- Your goal
Could the data below be printed out exactly, with the pictures left out?

- Recorded information
• • • •
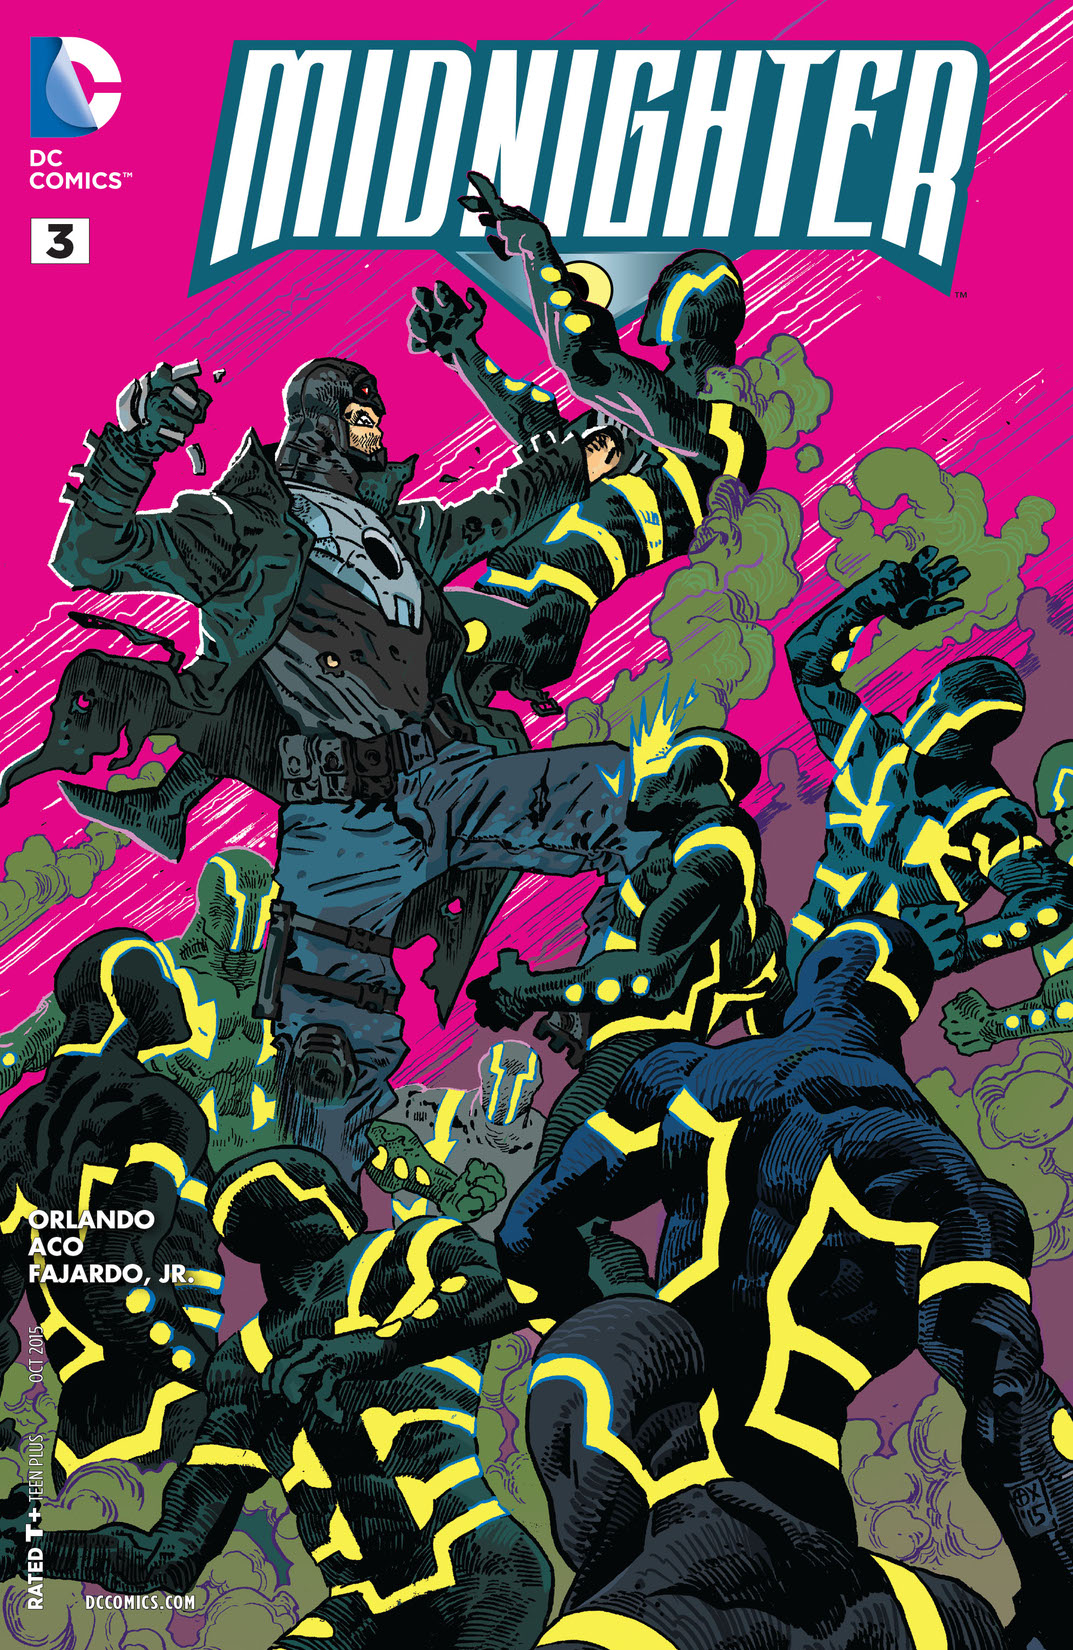 Midnighter (2015-) #3 preview images
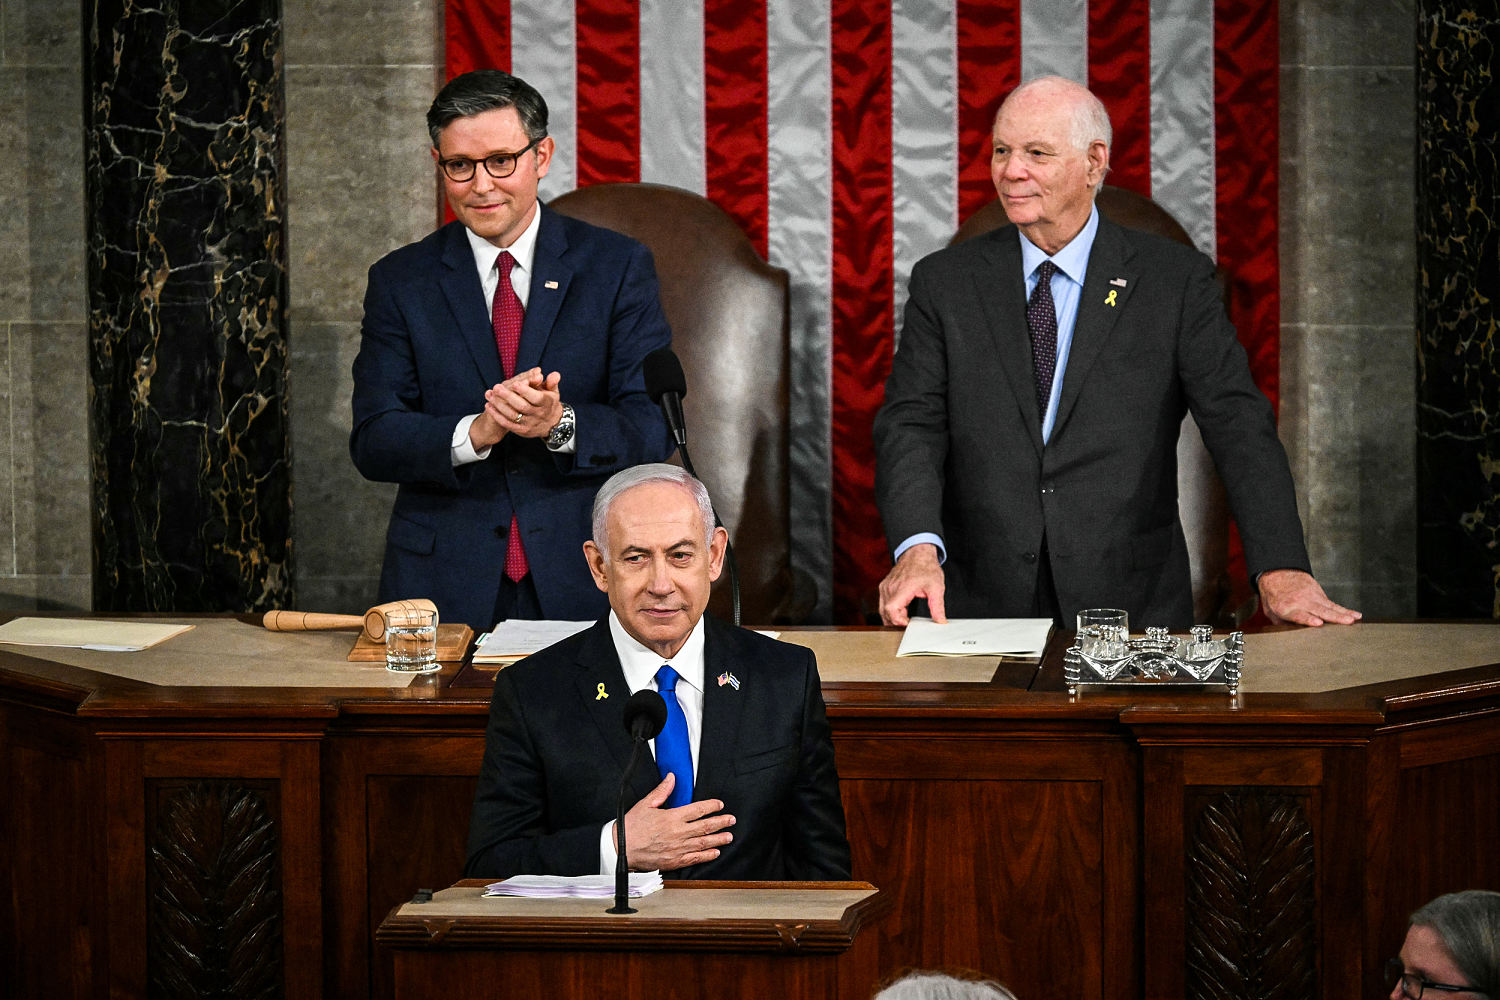 Netanyahu calls on Congress for bipartisan unity in support of Israel
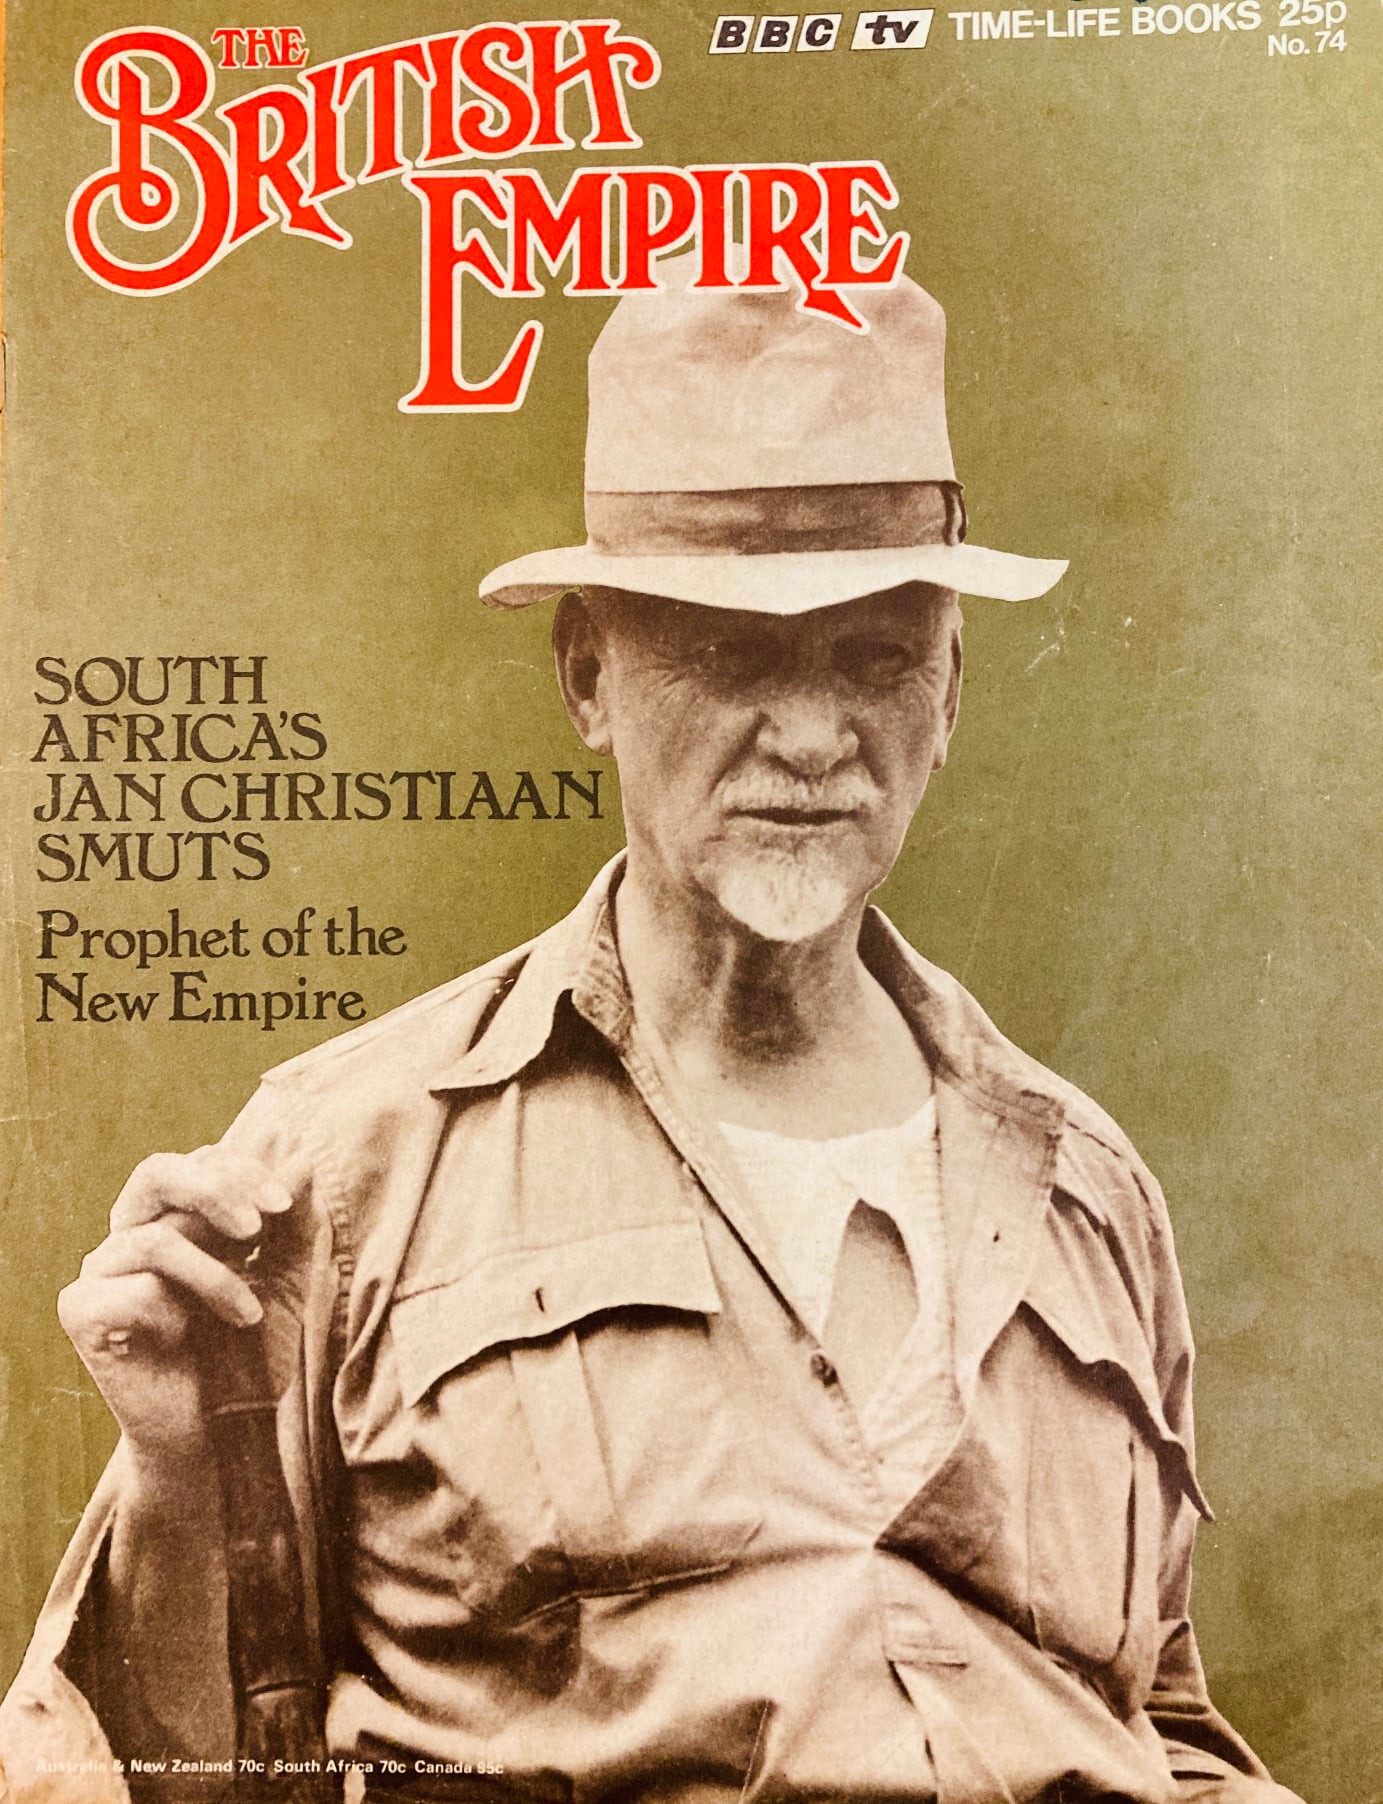 Magazine cover showing article about Jan Smuts titled 'Prophet of the New Empire' and a photograph of Smuts
• • • •
- Written solution
 Midnighter (2015-) #3 preview images
 Netanyahu calls on Congress for bipartisan unity in support of Israel
 Magazine cover showing article about Jan Smuts titled 'Prophet of the New Empire' and a photograph of Smuts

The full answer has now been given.